The last function in the R chunk about the ave function does this version of the mean. You can see that it is useful when you want the mean from the other groups.

  1. 2SLS: using average characteristics for all other brands produced by the same manufacturer as brand j as instruments for \(p_j\). Notice, these are within manufacturer means, but not including product j.
b$difprice.z<-(ave(b$difprice,factor(b$company),FUN=function(x)
  sum(x)-b$difprice)/(ave(b$difprice,factor(b$company),FUN=function(x) length(x))-1))
b$cal.z<-(ave(b$cals,factor(b$company),FUN=function(x)
  sum(x)-b$cals)/(ave(b$cals,factor(b$company),FUN=function(x) length(x))-1))
b$sug.z<-(ave(b$suger,factor(b$company),FUN=function(x)
  sum(x)-b$suger)/(ave(b$suger,factor(b$company),FUN=function(x) length(x))-1))
b$fat.z<-(ave(b$fat,factor(b$company),FUN=function(x)
  sum(x)-b$fat)/(ave(b$fat,factor(b$company),FUN=function(x) length(x))-1))

iv.reg1<-ivreg(delta_j~difprice+cals+fat+suger+factor(b$company)|cals+fat+suger+factor(b$company)+b$difprice.z+b$cal.z+b$sug.z+b$fat.z,data=b)
stargazer(iv.reg1,type = "html")
Dependent variable:
delta_j
difprice 0.428
(0.504)
cals -0.001
(0.004)
fat -0.014
(0.080)
suger 0.038**
(0.017)
company)KG -0.075
(0.172)
company)NB 0.566*
(0.331)
company)PT 0.374
(0.261)
company)QK 0.683
(0.548)
company)RL 0.266
(0.414)
Constant 2.510***
(0.596)
Observations 50
R2 0.344
Adjusted R2 0.197
Residual Std. Error 0.450 (df = 40)
Note: p<0.1; p<0.05; p<0.01
  1. 2SLS: using average characteristics for all other brands produced by rivals to the manufacturer as brand j as instruments for \(p_j\). These are external to the manufacturer of product j who compete in the same segment
b$difprice.z2<-(ave(b$difprice,factor(b$sgmnt),FUN=function(x)
  sum(x)-b$difprice)/(ave(b$difprice,factor(b$sgmnt),FUN=function(x) length(x))-1))
b$cal.z2<-(ave(b$cals,factor(b$sgmnt),FUN=function(x)
  sum(x)-b$cals)/(ave(b$cals,factor(b$sgmnt),FUN=function(x) length(x))-1))
b$sug.z2<-(ave(b$suger,factor(b$sgmnt),FUN=function(x)
  sum(x)-b$suger)/(ave(b$suger,factor(b$sgmnt),FUN=function(x) length(x))-1))
b$fat.z2<-(ave(b$fat,factor(b$sgmnt),FUN=function(x)
  sum(x)-b$fat)/(ave(b$fat,factor(b$sgmnt),FUN=function(x) length(x))-1))

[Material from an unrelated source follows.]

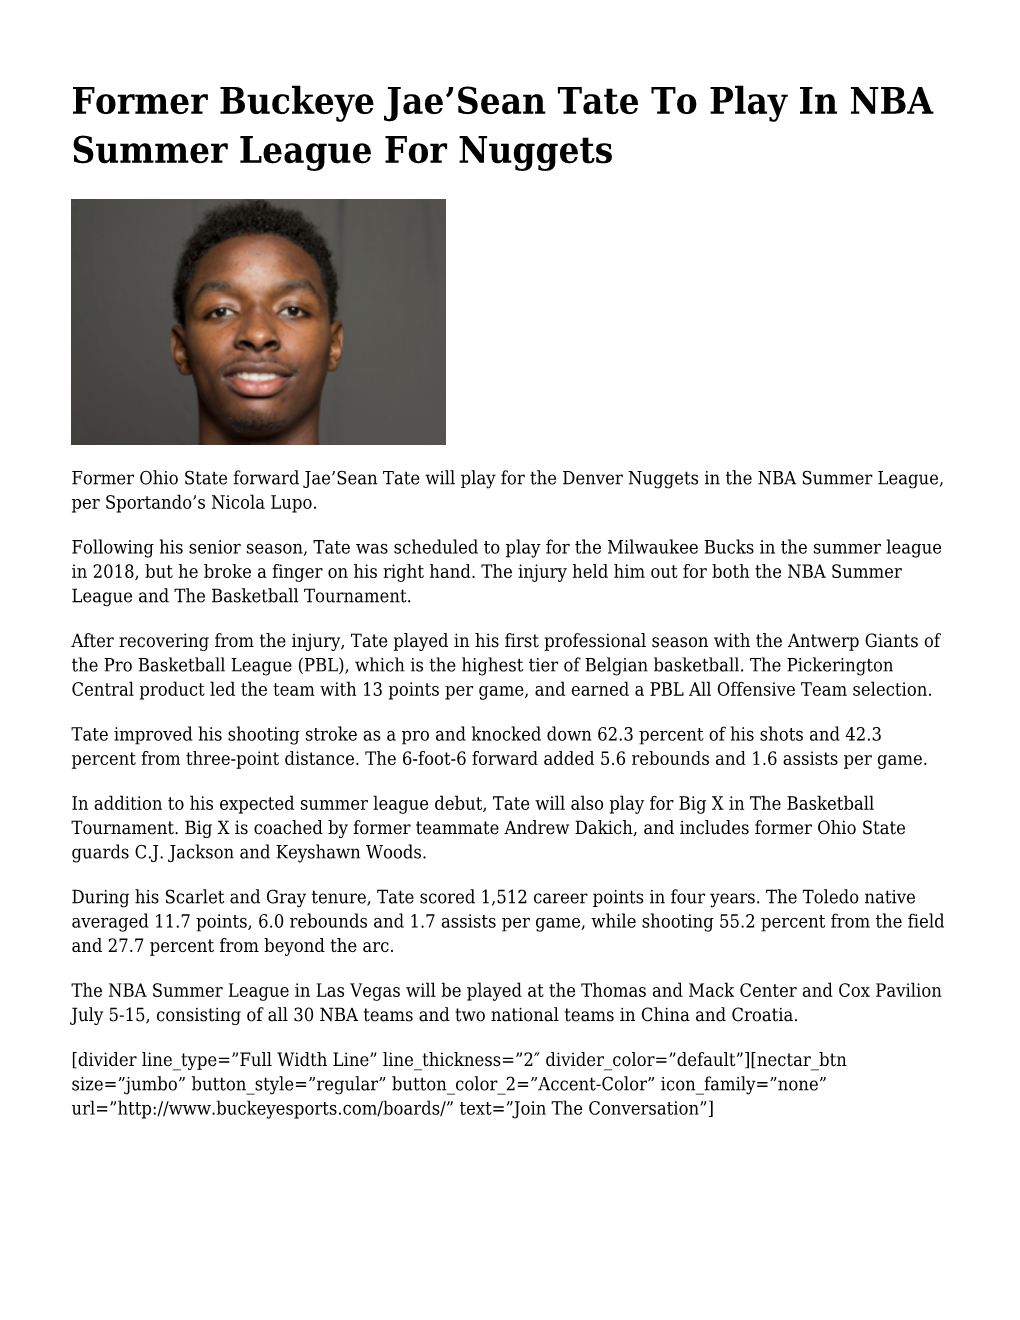 Former Buckeye Jae'sean Tate to Play in NBA Summer League for Nuggets

iv.reg2<-ivreg(delta_j~difprice+cals+fat+suger+factor(b$sgmnt)|cals+fat+suger+factor(b$sgmnt)+b$difprice.z2+b$cal.z2+b$sug.z2+b$fat.z2,data=b)

stargazer(iv.reg2,type = "html")
Dependent variable:
delta_j
difprice 0.913
(0.621)
cals 0.002
(0.005)
fat -0.036
(0.072)
suger 0.030
(0.023)
sgmnt)Fam -0.337
(0.294)
sgmnt)Kids -0.129
(0.286)
Constant 2.260***
(0.726)
Observations 50
R2 -0.193
Adjusted R2 -0.360
Residual Std. Error 0.586 (df = 43)
Note: p<0.1; p<0.05; p<0.01
  1. 2SLS: using average characteristics for all other brands not produced by manufacturer of product j as instruments for \(p_j\)

  2. 2SLS: using the average characteristics for all other brands besides product j.

b$difprice.z4<-(ave(b$difprice,FUN=function(x)
  sum(x)-b$difprice)/(ave(b$difprice,FUN=function(x) length(x))-1))
b$cal.z4<-(ave(b$cals,FUN=function(x)
  sum(x)-b$cals)/(ave(b$cals,FUN=function(x) length(x))-1))
b$sug.z4<-(ave(b$suger,FUN=function(x)
  sum(x)-b$suger)/(ave(b$suger,FUN=function(x) length(x))-1))
b$fat.z4<-(ave(b$fat,FUN=function(x)
  sum(x)-b$fat)/(ave(b$fat,FUN=function(x) length(x))-1))

iv.reg4<-ivreg(delta_j~difprice+cals+fat+suger|cals+fat+suger+b$difprice.z4+b$cal.z4+b$sug.z4+b$fat.z4,data=b)
stargazer(iv.reg4,type = "html")
Dependent variable:
delta_j
difprice 0.224
(0.149)
cals -0.001
(0.003)
fat 0.005
(0.057)
suger 0.029**
(0.014)
Constant 2.620***
(0.319)
Observations 50
R2 0.150
Adjusted R2 0.074
Residual Std. Error 0.483 (df = 45)
Note: p<0.1; p<0.05; p<0.01
  1. Which set of instrument produces the largest first stage F-statistic? What is the F-stat value?

The second set, OLS 2, produces the largest first stage F-statistic at 2.514.